TRY IT - Only one stretch of the listing below is wanted. Give it again exactly, from the line with "Autumn Wallpaper on" through the line with "Ever After High".

RECORDS PROVIDED -
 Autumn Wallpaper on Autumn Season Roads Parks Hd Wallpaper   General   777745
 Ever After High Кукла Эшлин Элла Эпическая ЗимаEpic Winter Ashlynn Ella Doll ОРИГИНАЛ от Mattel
* * *
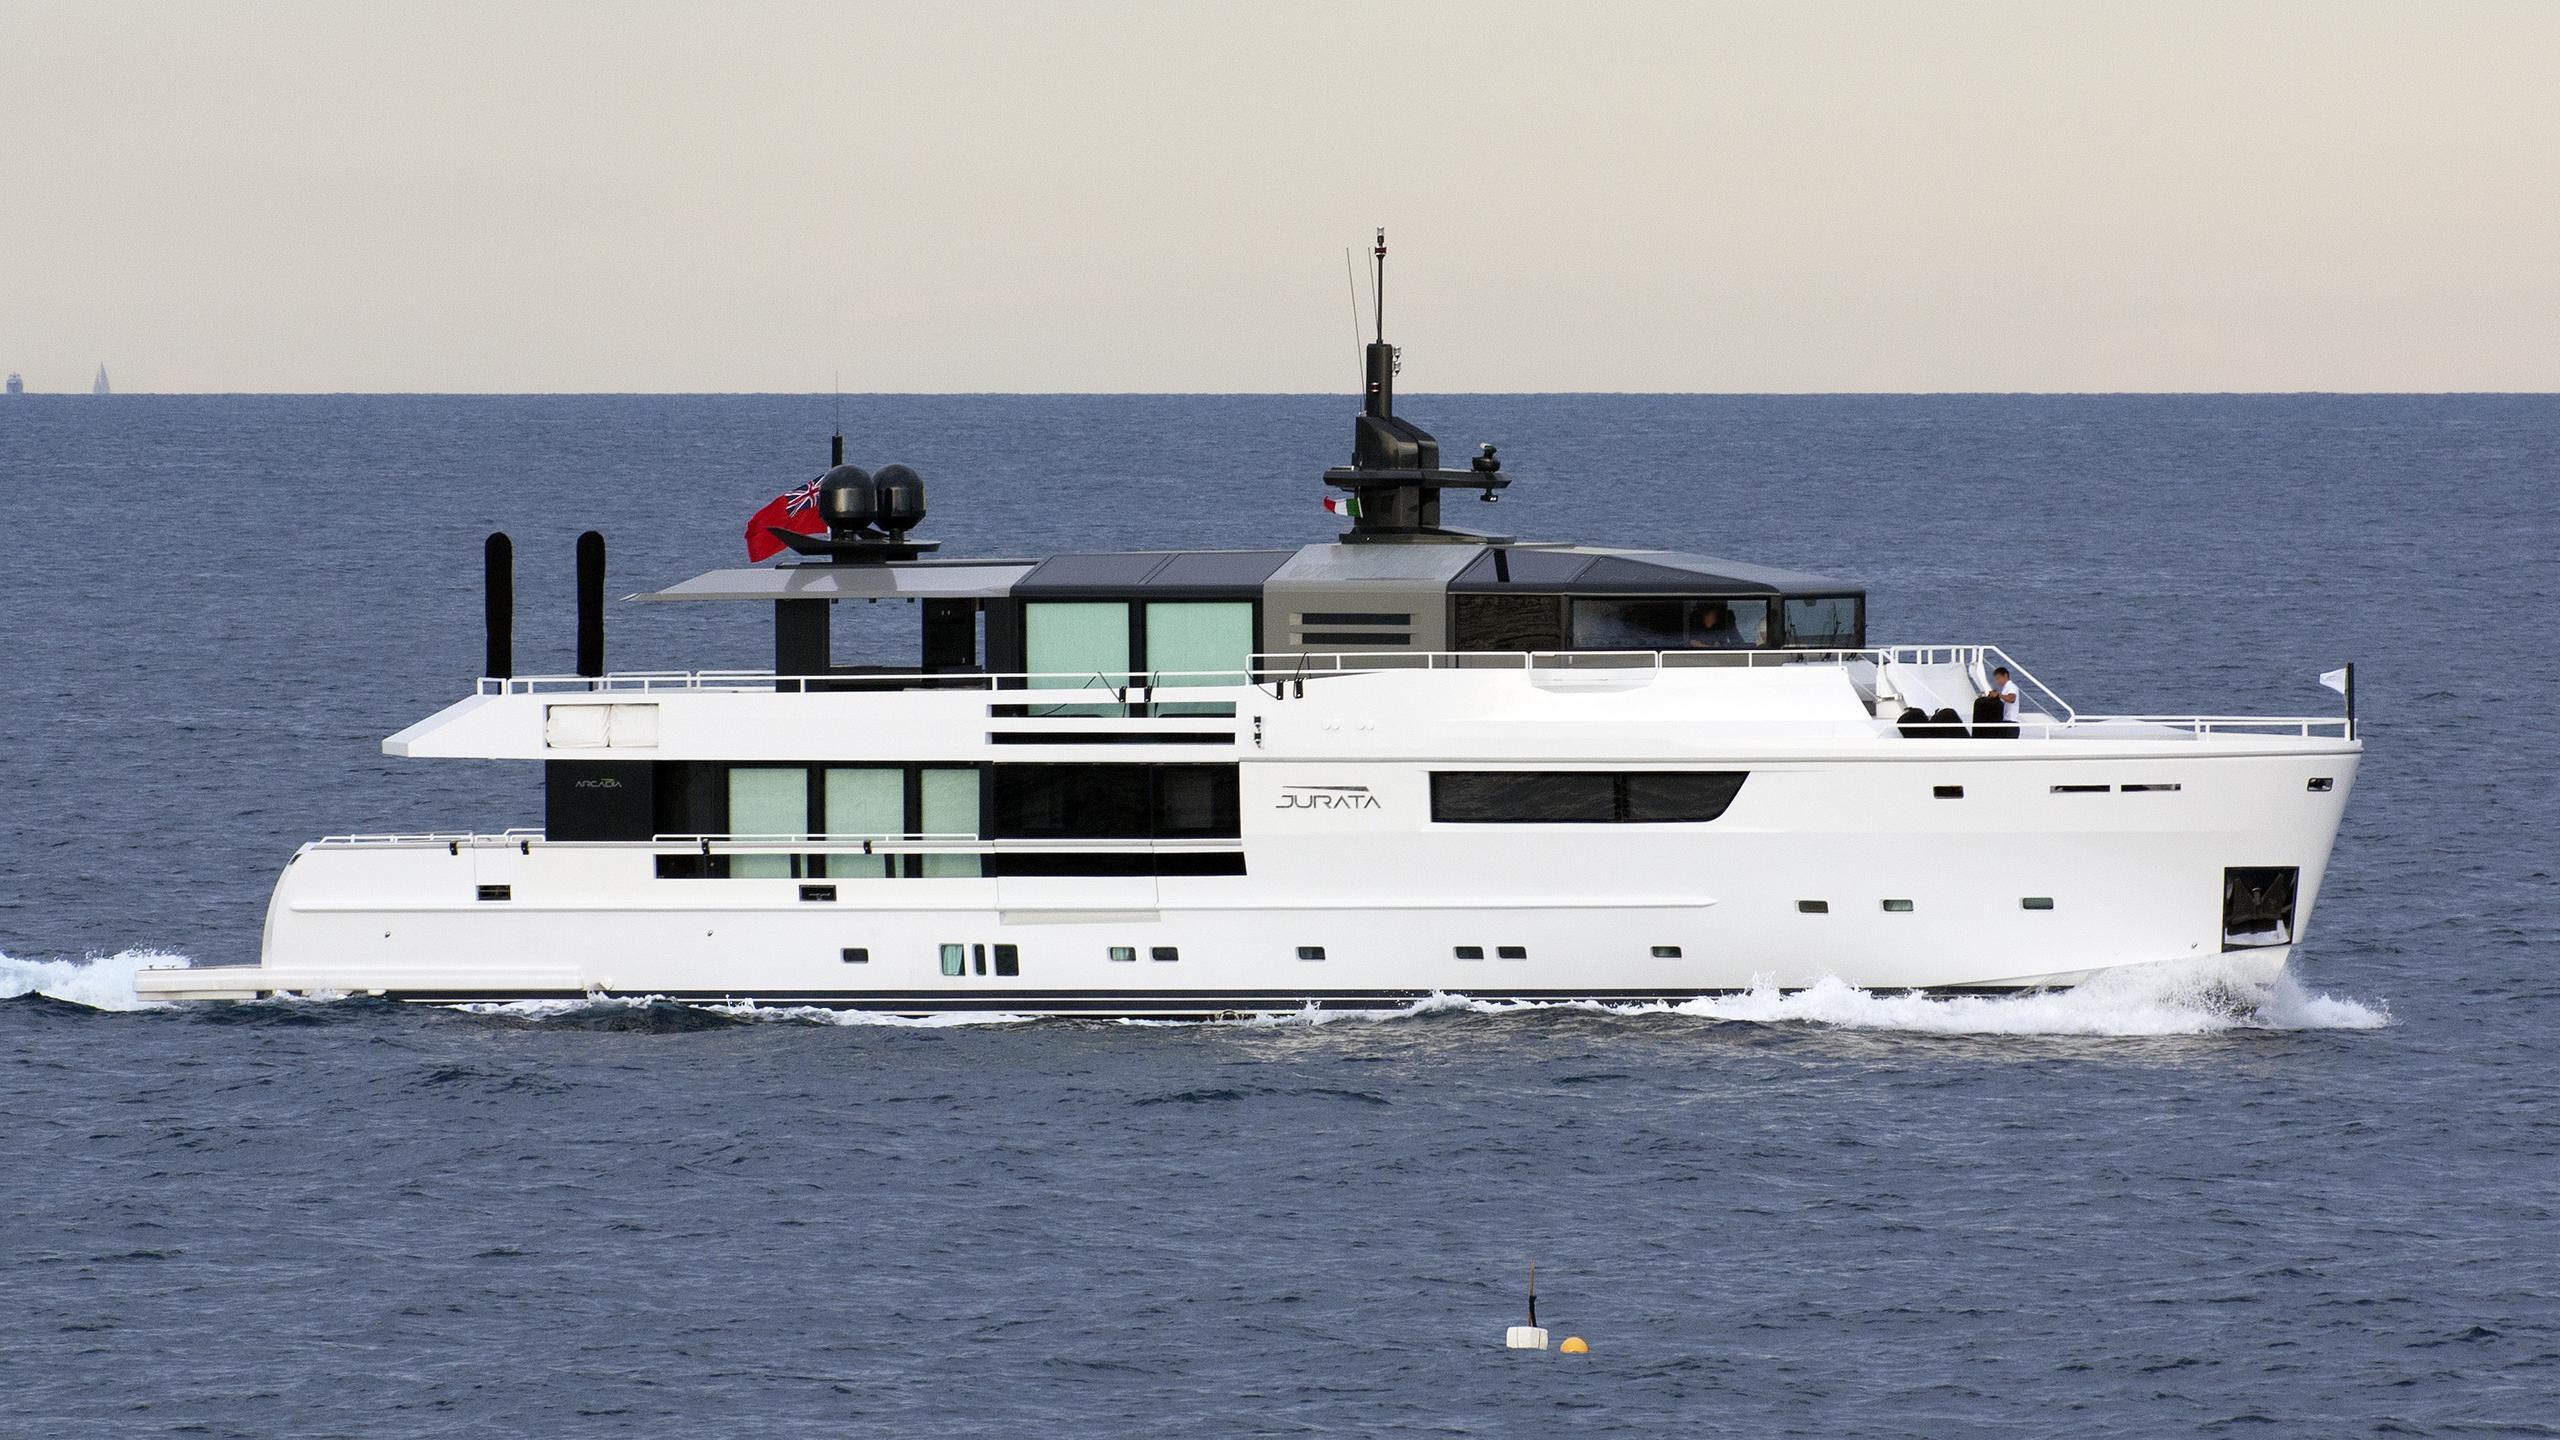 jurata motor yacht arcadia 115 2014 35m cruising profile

ANSWER SPACE -
 Autumn Wallpaper on Autumn Season Roads Parks Hd Wallpaper   General   777745
 Ever After High Кукла Эшлин Элла Эпическая ЗимаEpic Winter Ashlynn Ella Doll ОРИГИНАЛ от Mattel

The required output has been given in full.